Show HN: Find HN threads about the page you're browsing

(github.com)

260 points | by achairapart 1365 days ago

21 comments

  • joshstrange 1365 days ago
    Love the idea, I have thought about this before and the main issue is training my self to click an extension to check. If an icon flashed when there was a HN submission (ideally only if I didn't come directly from HN since I already know) it would be way more useful.

    That said we all know the big issue with that is privacy. I don't want an extension sending every url I visit to any service (directly to the API or through some third-party). I've mulled over this issue before and I'm not sure how much space it would take up to store a list of urls that have been submitted to HN (Maybe keep 1 month plus all submissions that got over 100 upvotes or something) and check against that local list.

    Then, and only then, when you get a match you can call out to the Algolia API to get the HN url (or store that as well depending on size).

    I have no idea, off the top of my head, what the storage requirements for this look like but I don't think they would be huge. The other issue (which I want to look into the source to see how this handles it) is the stupid social/ads tracking params that are added to URLs. Maybe there is a good list of these that you can remove (from both the current URL and the HN submission) so you can see if it's the same base URL.

    • oefrha 1365 days ago
      Every day there are at most around a hundred articles that generate any meaningful discussion at all (see past). Let’s say each article takes up <=200 bytes (URL + title + some stats, a very generous limit actually), then one year worth of data is at most ~7 MB. That might be a bit too much but not by far. If you gate submissions by votes/comments threshold as a function of time, it’s conceivable to store metadata of all the good discussions on HN within 20 MB or even 10 MB.

      Chrome and Firefox extensions can request the unlimitedStorage permission, btw. (Chrome has a 5MB default limit, Firefox doesn’t seem to have one.)

    • relate 1365 days ago
      You could allow for errors and use a bloom filter to avoid the space issue:

      https://en.wikipedia.org/wiki/Bloom_filter

      • StavrosK 1364 days ago
        Or you could use a privacy-preserving lookup API, but that might be too much traffic. A Bloom filter could be downloaded locally and is probably a better solution.
        • waterhouse 1364 days ago
          Bloom filter as first pass and then privacy-preserving lookup API if it returns "probably a match"?
          • StavrosK 1364 days ago
            If it returns "probably a match", you can just look up with HN directly, like it does now.
    • Willamin 1364 days ago
      > I'm not sure how much space it would take up to store a list of urls that have been submitted to HN

      I recently was wondering how much space this would take up myself. After a lot of searching, I found this reddit post, which links to an archive of Hackernews. It contains data from HN from late 2006 until mid 2018 and totals just over 2 gigabytes. These dumps contain all comments, job postings, polls, poll options, and stories.

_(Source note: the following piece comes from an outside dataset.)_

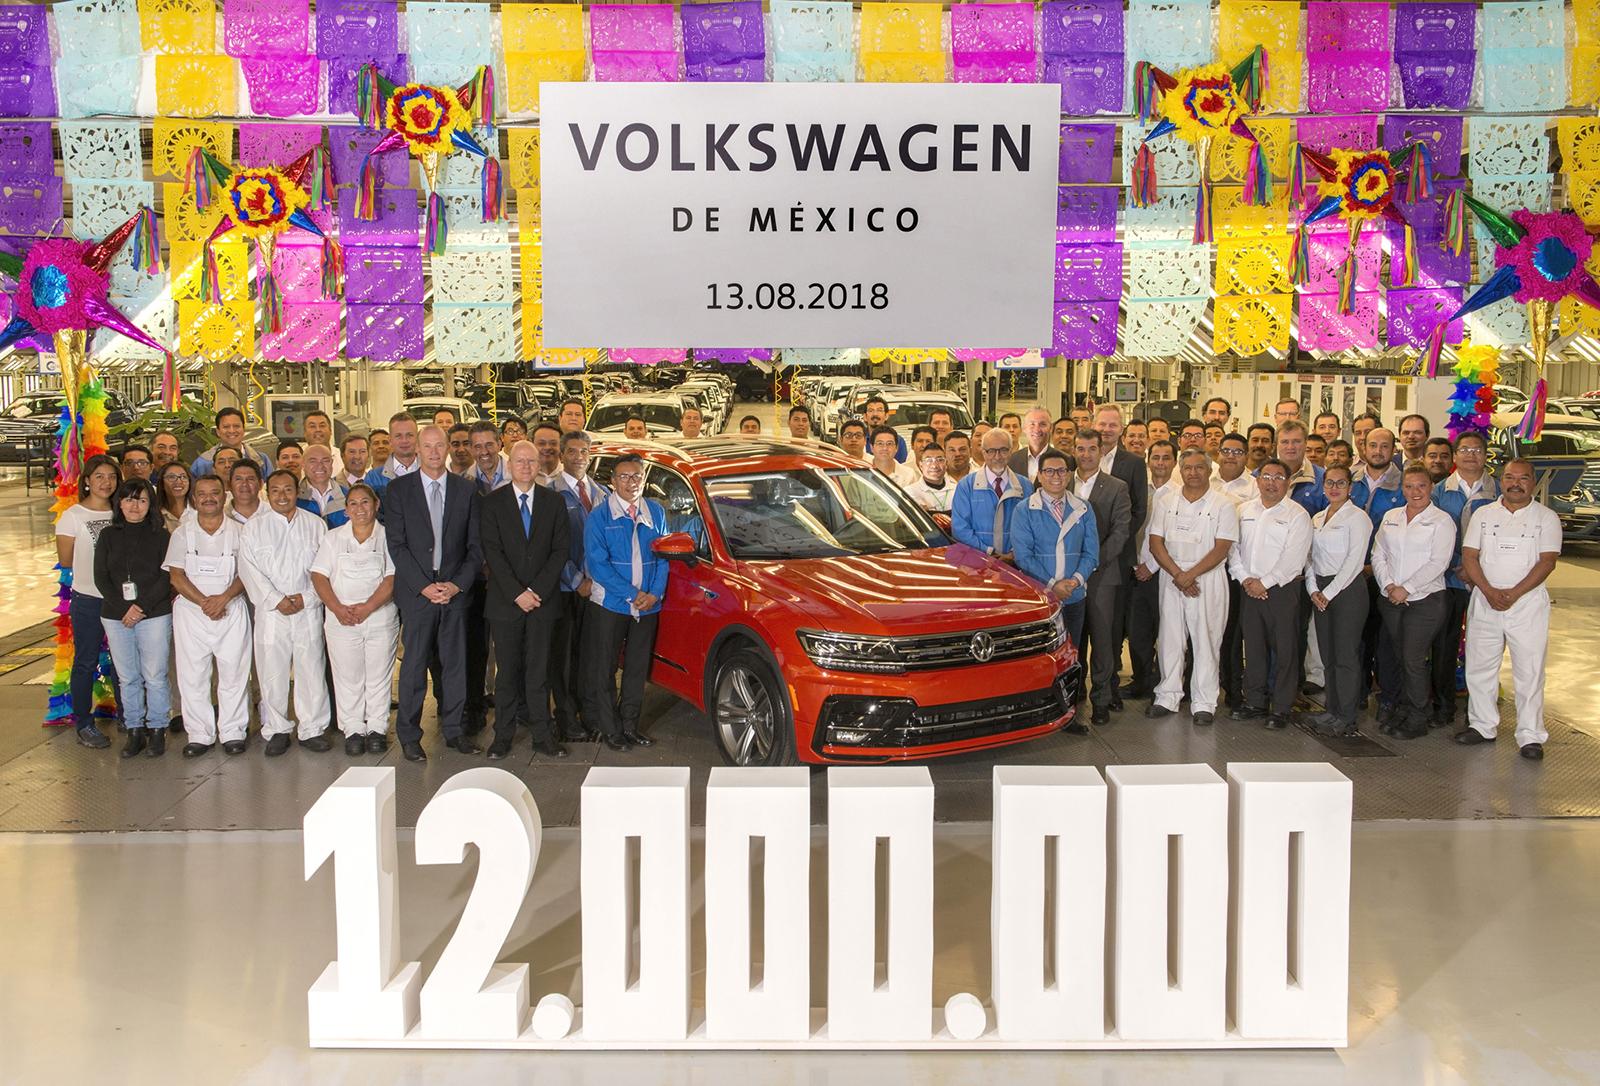 Volkswagen_de_Mxico--12048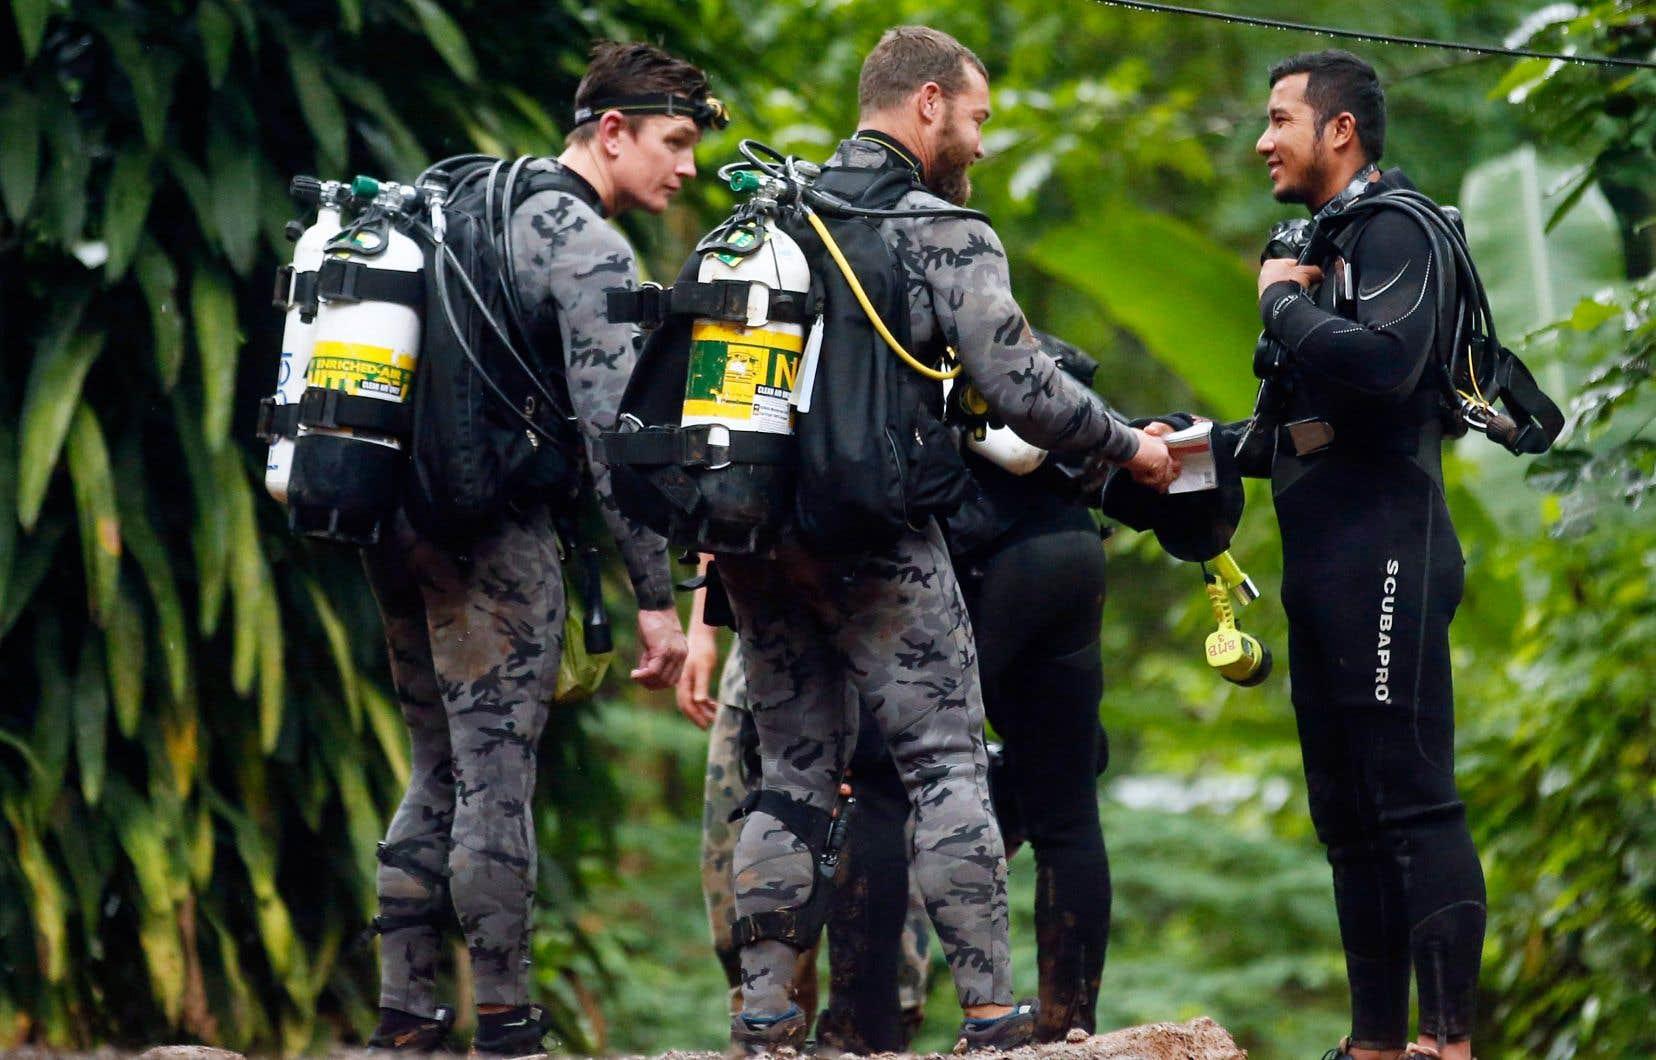 Des membres de la police fédérale australienne discutent avec un secouriste thaïlandais.

      I did some super quick analysis of the 2018-05 archive (the latest provided by this source). I found that there were 237,646 total items, and only 32,473 of those are stories. That's only ~14%. Assuming the ratio of stories to non-stories has been constant for the entire dataset, that's only 280 megabytes for the entire 2006 to 2018 set.

      That data can further be shrunk by removing extraneous information from each story in the data. Mirroring the HN api, it has the following pieces of data for each item: author username, id, date retrieved, score, time posted, title, type, url, and whether its dead, how many descendants it has, and what items are its kids. I didn't attempt to reduce the data to only contain links, but I imagine it would be significantly reduce the size.

      Once you've reduced the data down to a list of urls, I imagine it can be reduced even more by removing duplicate links.

      Depending on the average size of the urls, it's not unreasonable to think that taking a hash of each of the urls would result in a smaller set of data.

      On top of that, there's wonderful text compression, but I don't have the numbers on how much that would reduce the size of data.

      • tleb_ 1364 days ago
        I was curious so I downloaded a list of id-url pairs from here [0]. It's CSV formatted and contains 1_960_207 entries (last update being 22 feb 2019). It is 134MiB uncompressed and 35MiB compressed using xz, so definitely storable in a web extension.

        IDs being integers smaller than 10_000_000, they can be stored in 3 bytes and using a 64 bits hash function is enough (using this approximation [1] with k=2_000_000 and N=2^64 gives p=1,08e-7) which accounts for 22MB for 2 million entries. Stats on duplicates would be needed to know the impact of bundling identical hashes together. Definitely doable!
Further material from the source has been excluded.